Posts Scalable generative AI tools
Post
Cancel

Scalable generative AI tools

Desktop View

Jinifai MVP

Jinifai is a side project I’m working on, to play with diffusion models and microservices. It is a scalable web application offering generative AI tools for creating images. It is build with a microservices architecture. The MVP is really minimal but the main backbone of the system is in place, and it is easy to enhance it with additional features and services. Given enough time and resources, it can become a full-fledged, scalable generative AI platform that implements all the features of the stable diffusion webui.

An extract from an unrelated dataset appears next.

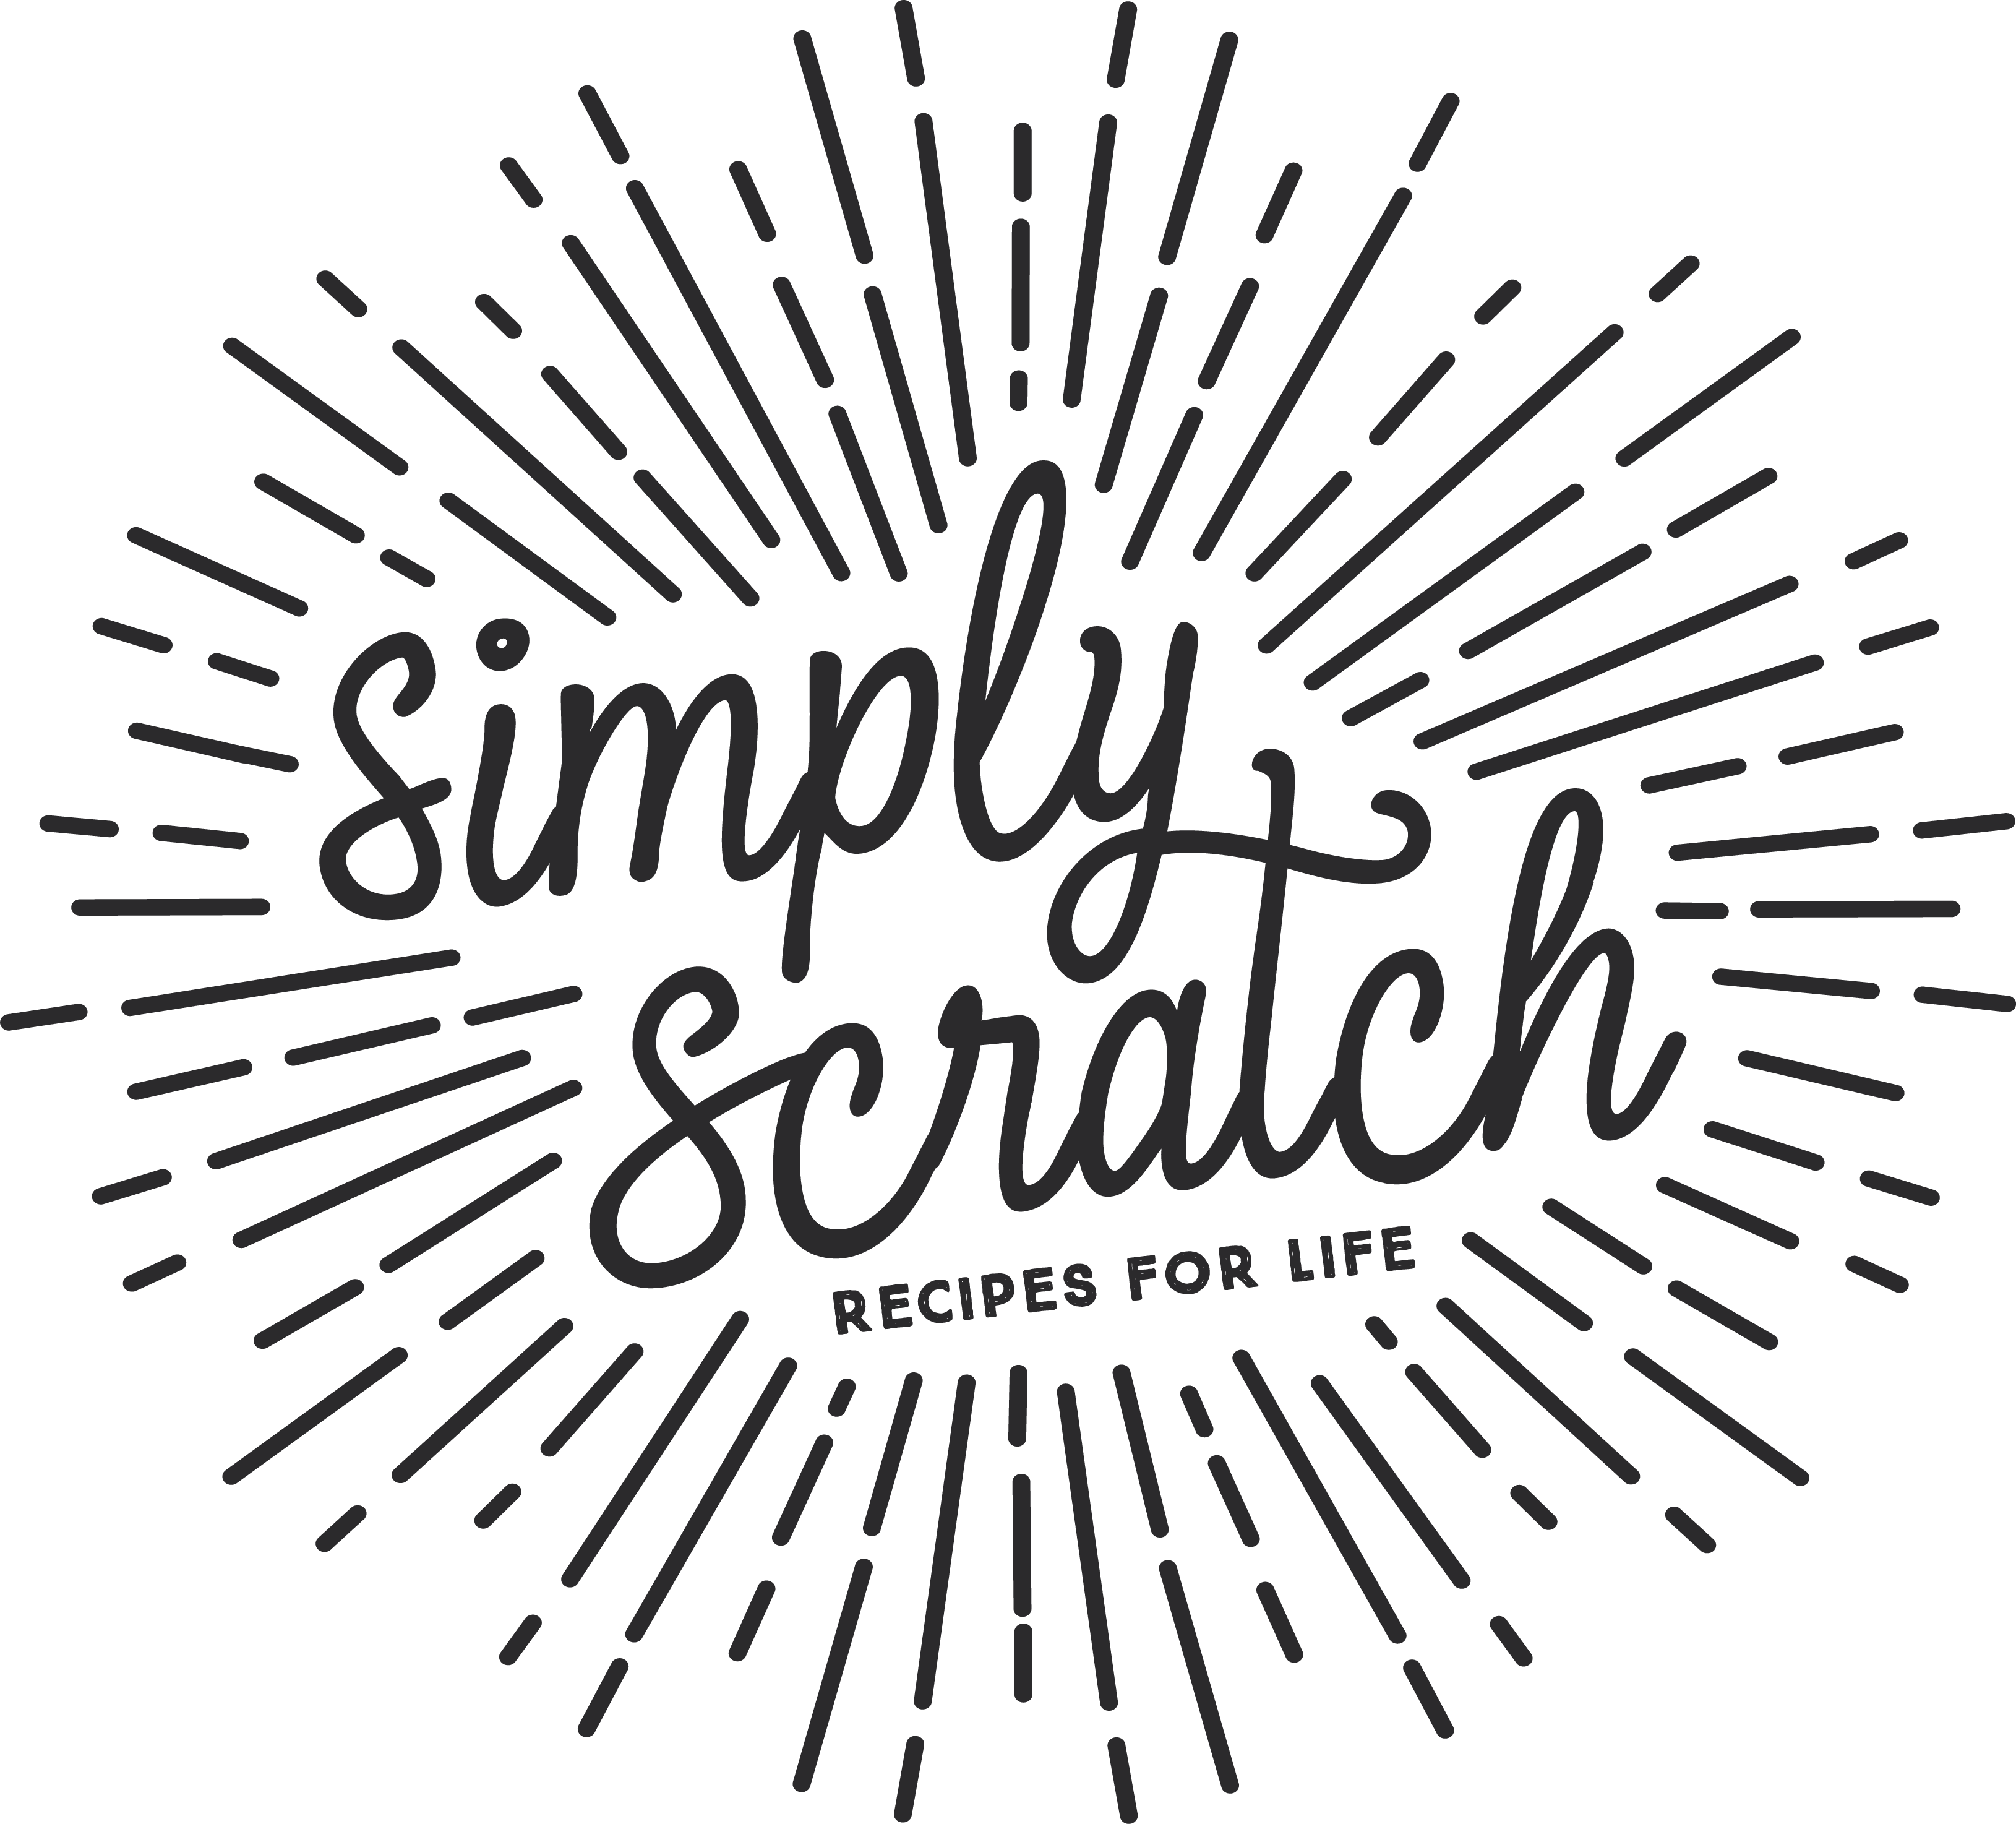 https://www.simplyscratch.com/wp-content/uploads/2020/01/simplyscratch_logo.vFINAL.png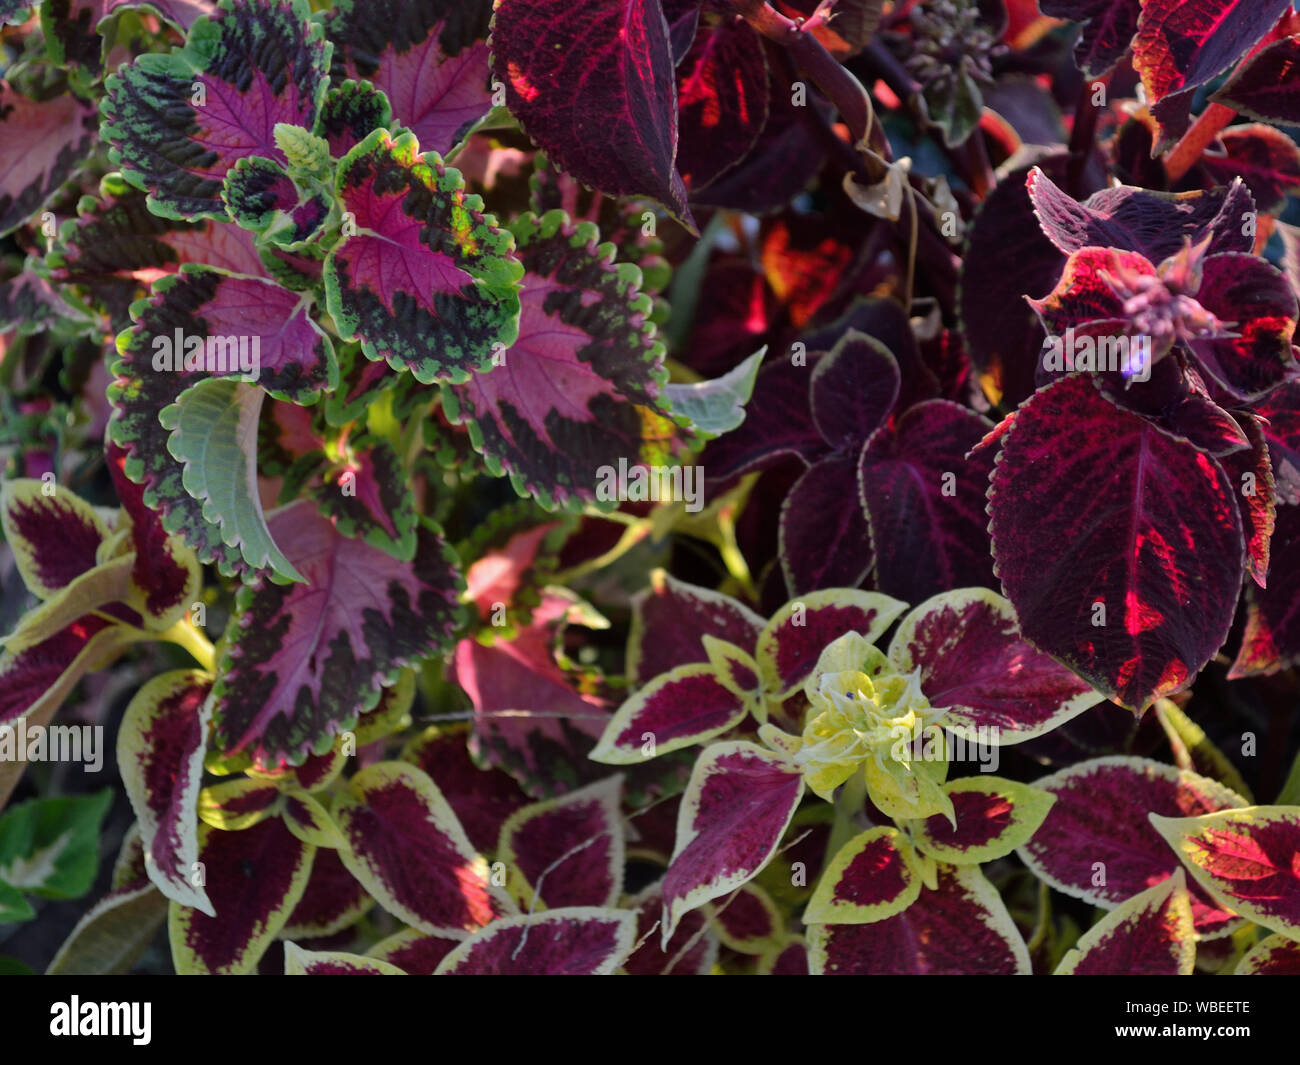 Coleus Blumei Plants In The Garden Stock Photo Alamy

This is the high level architecture of the system:

Desktop View

  • Auth service (django, GitHub repo)
    Responsible for user authentication and authorization using JWT tokens.
  • Payments service (django, GitHub repo)
    Currently, it implements a fake payments system.
  • Pre inference service (fastAPI, GitHub repo)
    Responsible for rate limiting users based on tier (and future preprocessing tasks).
  • Inference service (Runpod, GitHub repo)
    Inference is serverless. The minimum number of workers is 0 (for cost reasons). This means that you might experience a cold start and a delay of a few seconds when you first generate an image.
  • Web client (React, Redux, GitHub repo)
    The web client is a single page application, deployed on S3 and served by CloudFront (through AWS Amplify).

Auth, payments and pre inference services are deployed on an AWS ECS cluster. Inference is deployed on a Runpod serverless API. There is an AWS API Gateway in front of the ECS cluster. The microservices communicate with each other by publishing and consuming events on rabbitMQ. There is a postgres RDS instance with one database for each service. Redis is used as a cache store for all services. Static files are stored on S3 and served through Cloudfront CDN. CI/CD is implemented with GitHub actions.